**Task goal**
Wherever a picture appears in the data below, omit it, and restate everything else word for word.

**Recorded information**
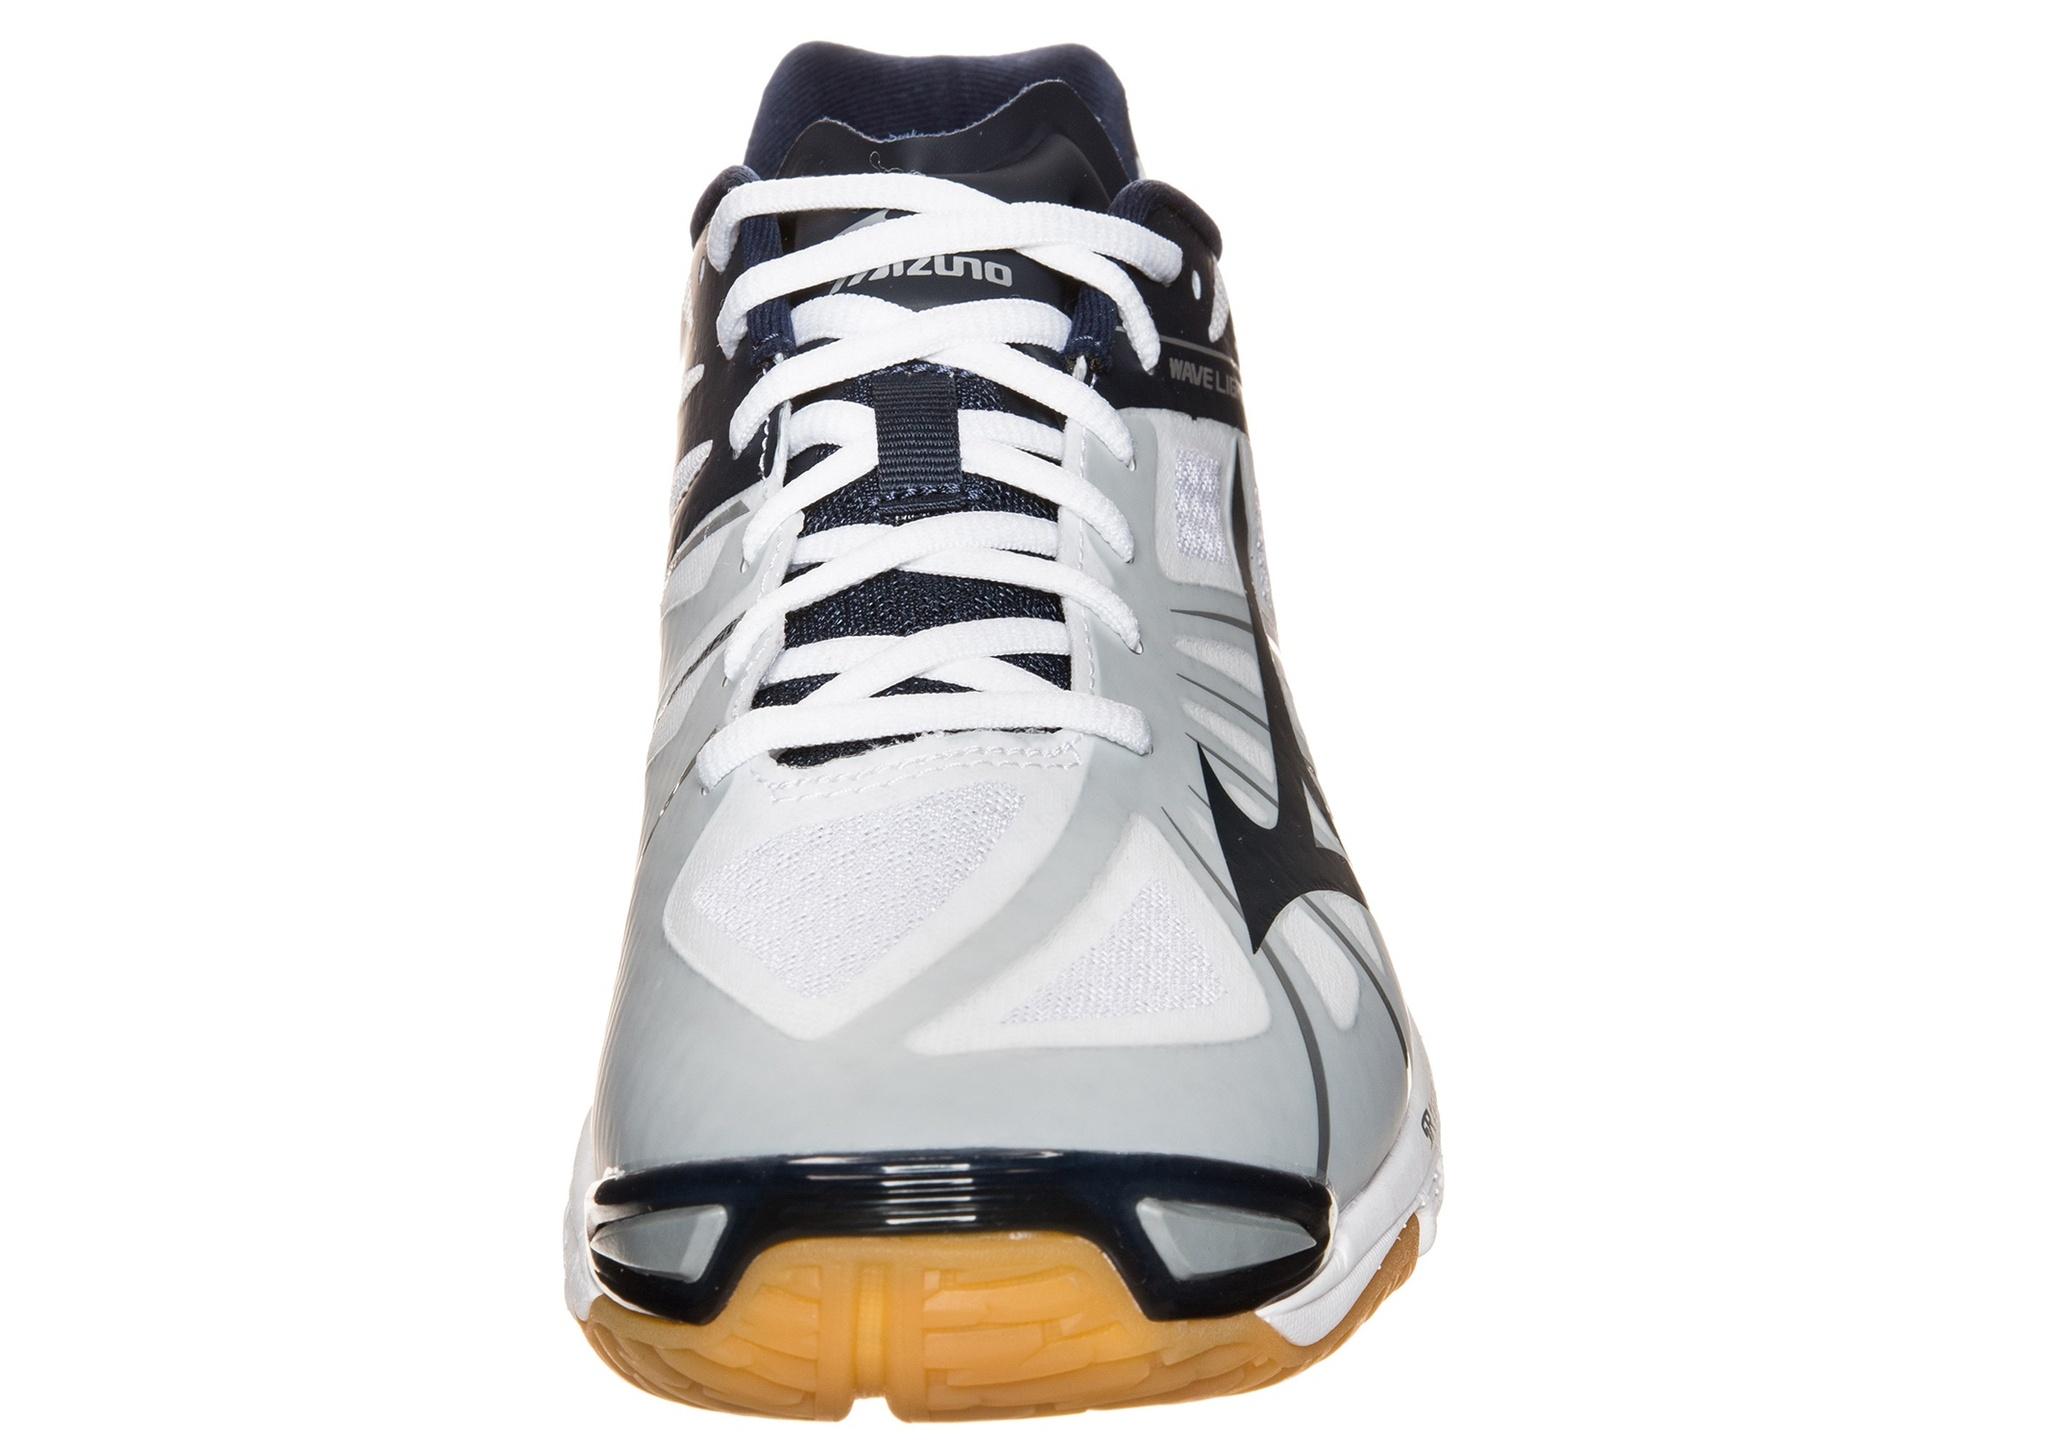 Мужские кроссовки для волейбола Mizuno Wave Lightning Z (V1GA1500 14) белые фото
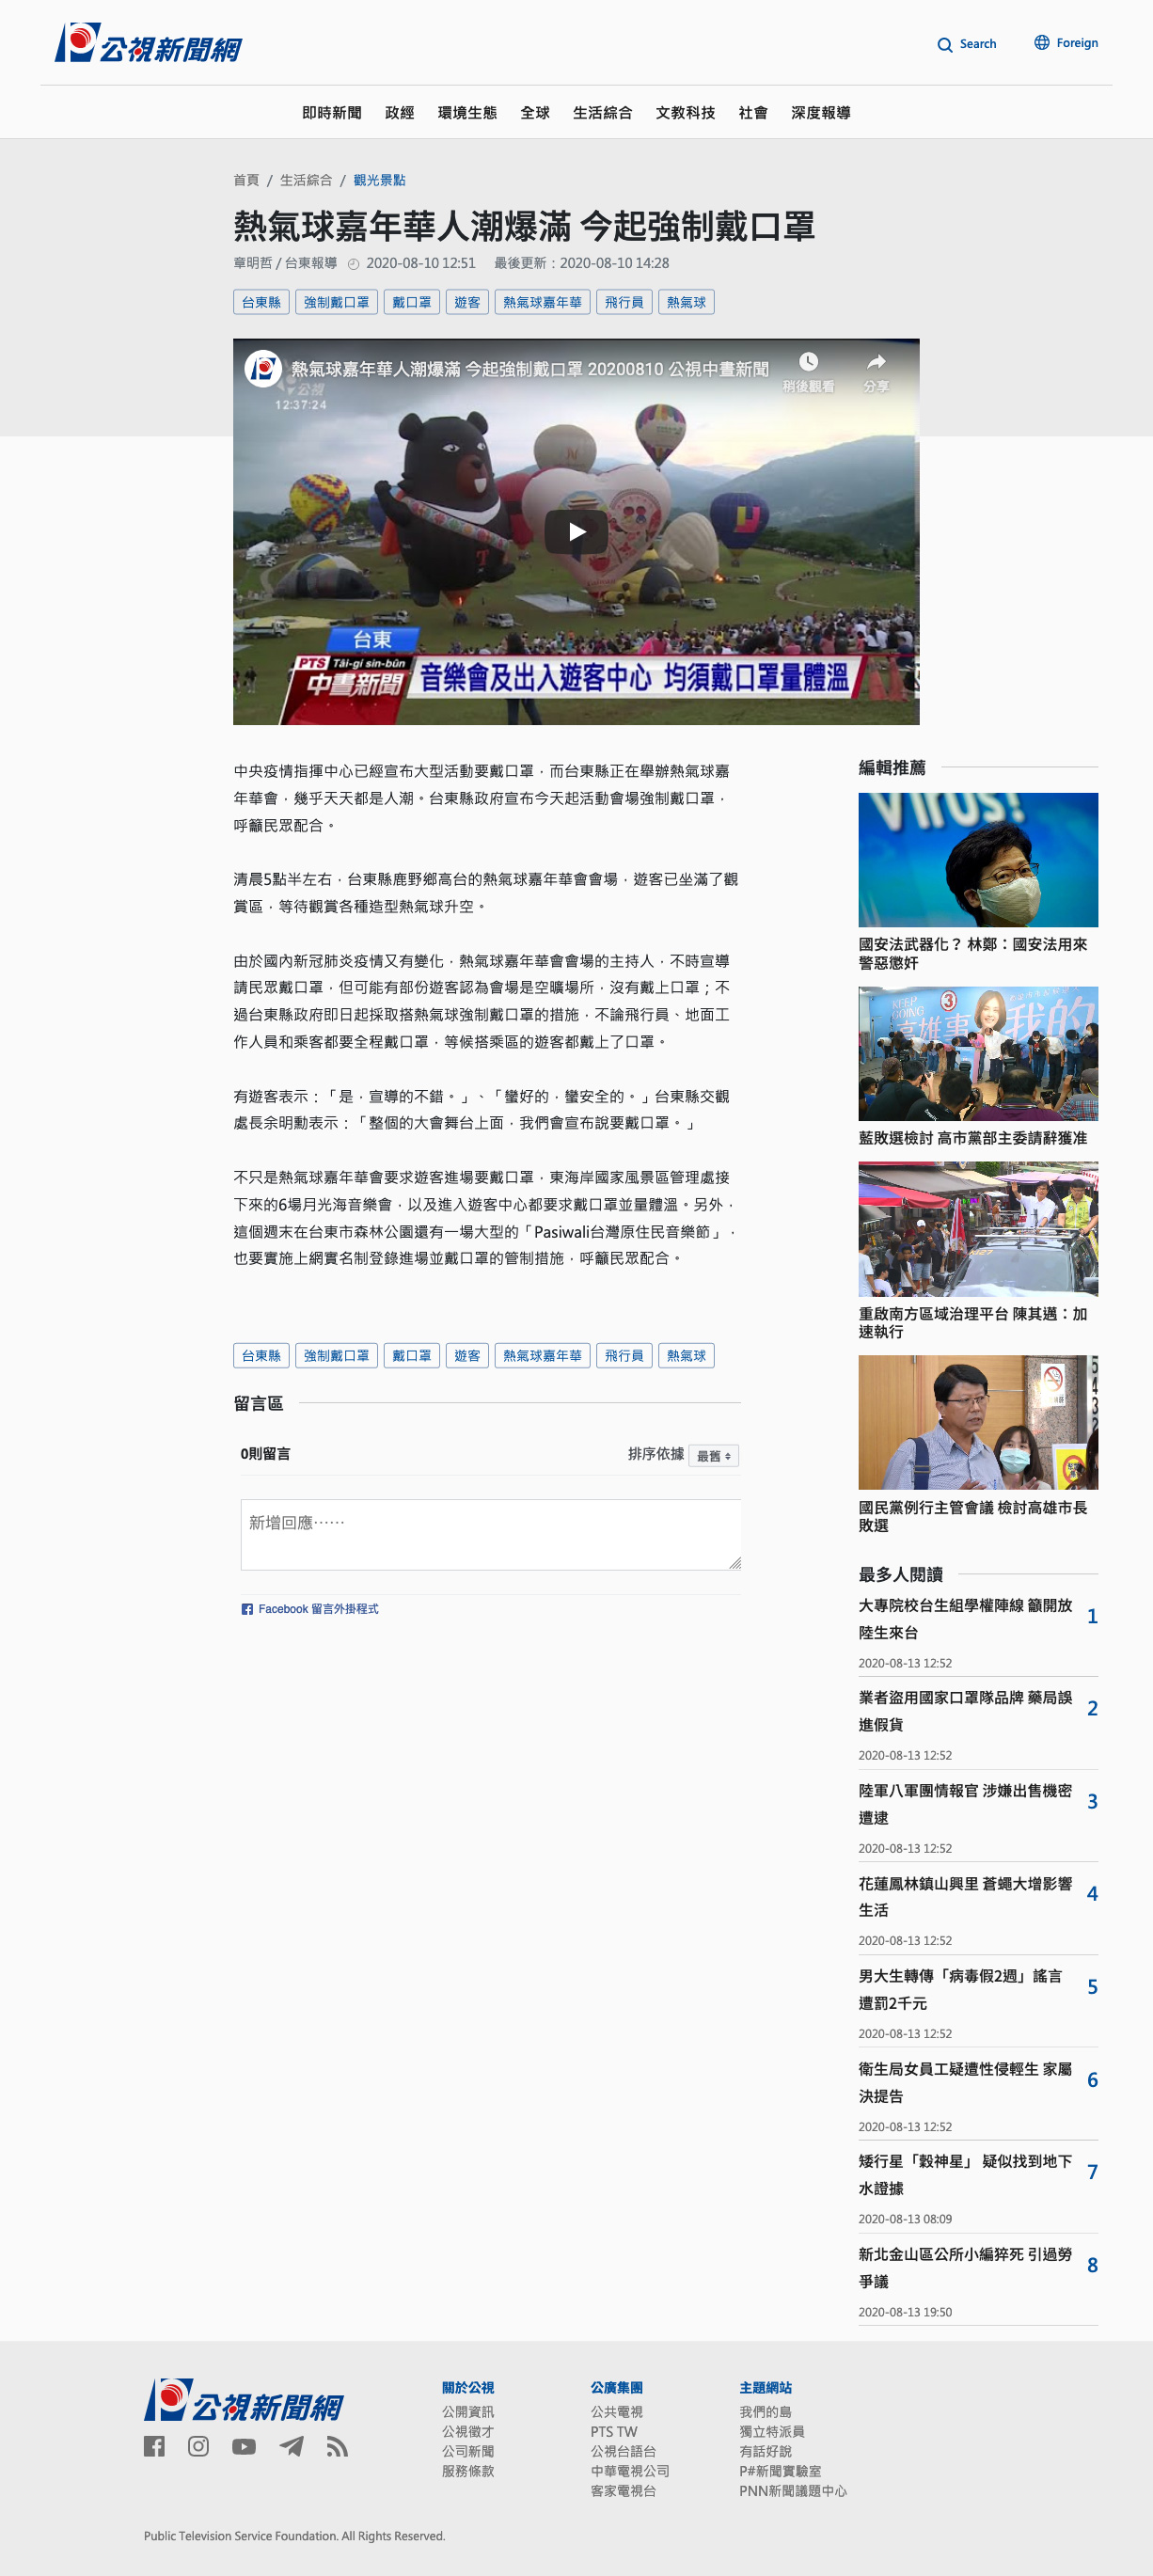 公視新聞網
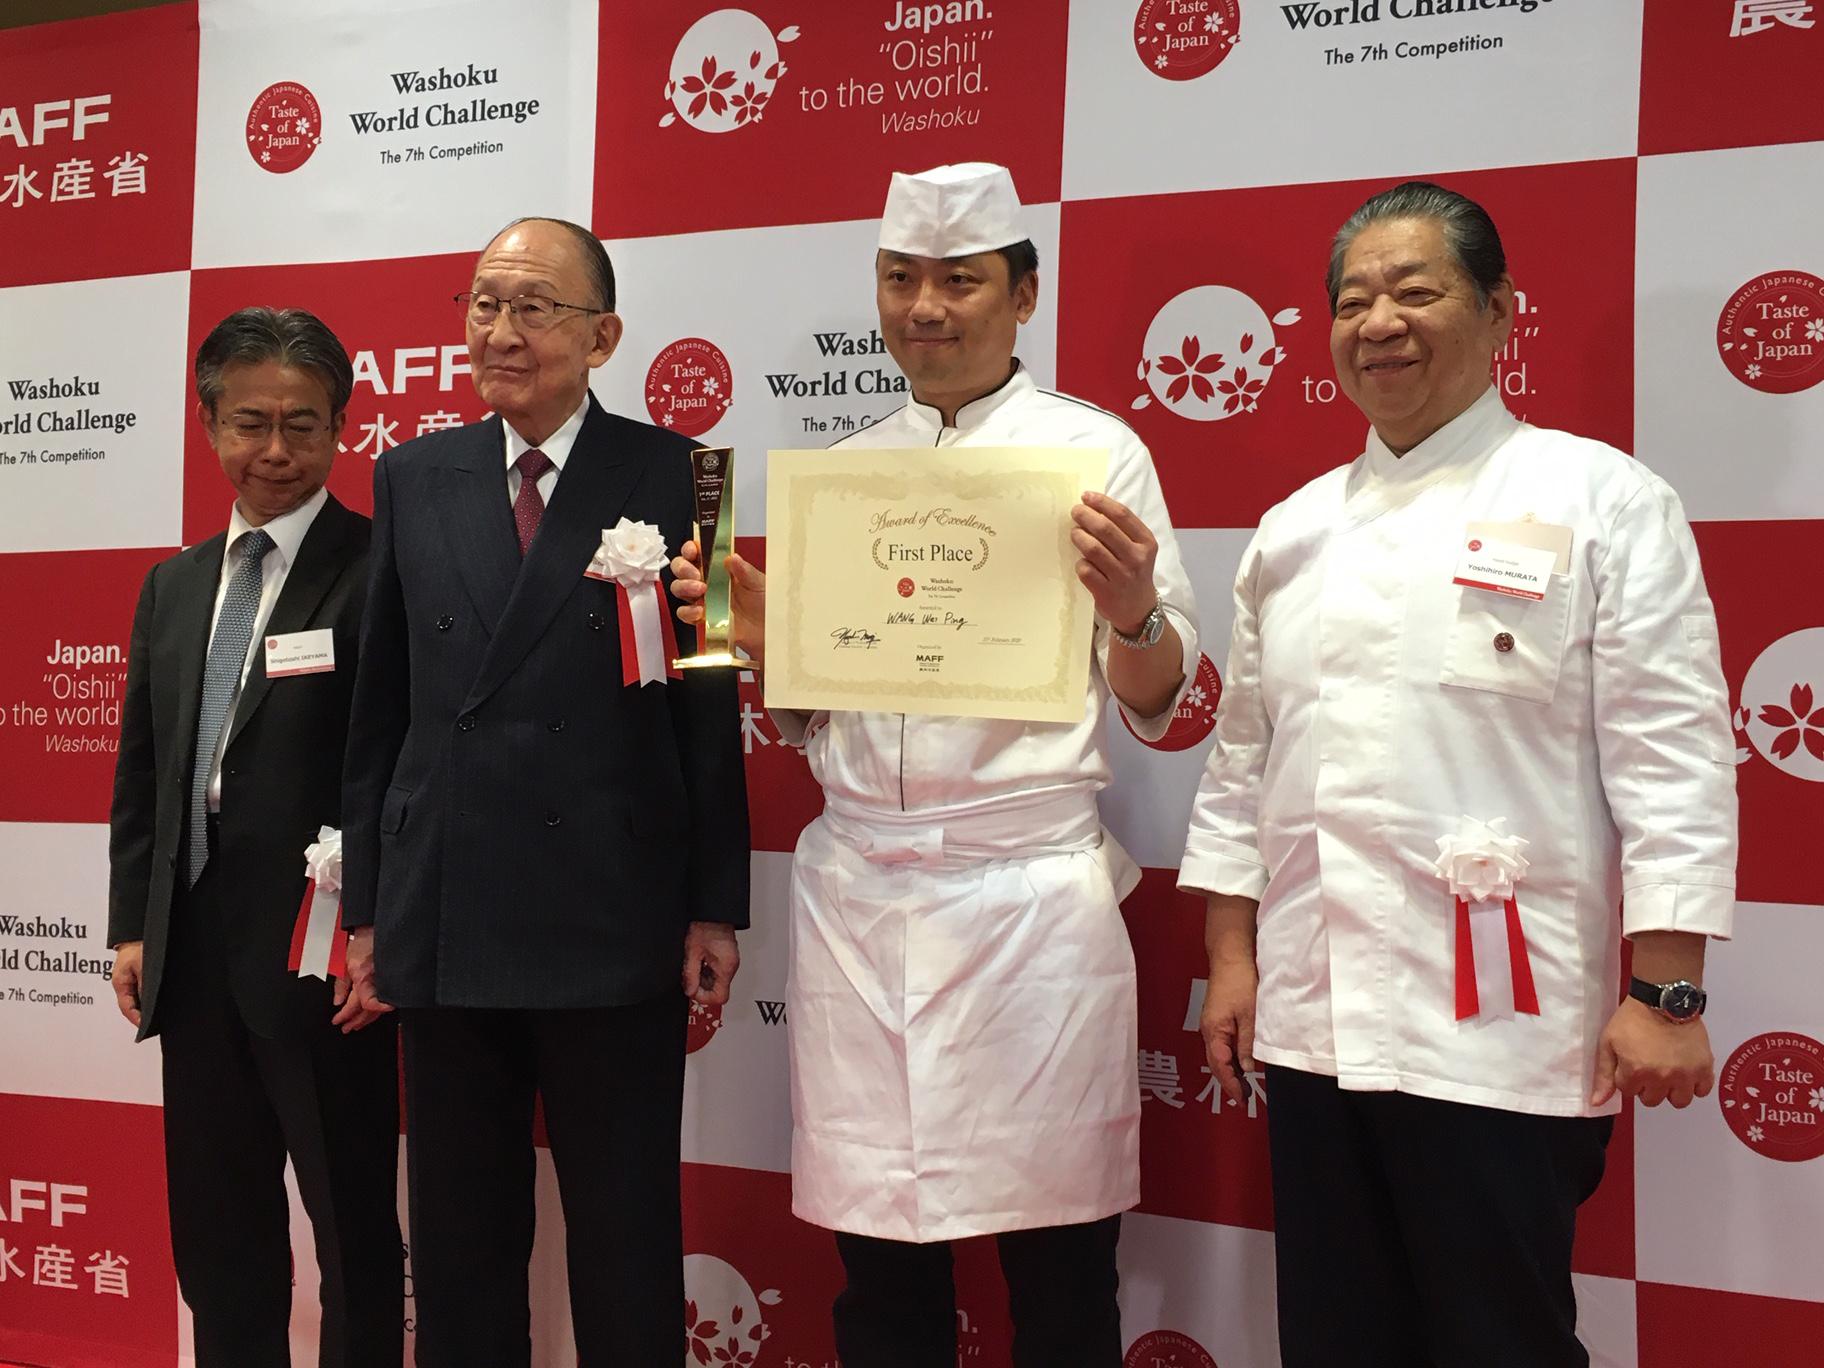 <イベントレポート>世界6都市で予選を勝ち抜いた料理人が 築野食品工業のこめ油を使用した日本料理を披露

**Task response**
 Мужские кроссовки для волейбола Mizuno Wave Lightning Z (V1GA1500 14) белые фото
 公視新聞網
 <イベントレポート>世界6都市で予選を勝ち抜いた料理人が 築野食品工業のこめ油を使用した日本料理を披露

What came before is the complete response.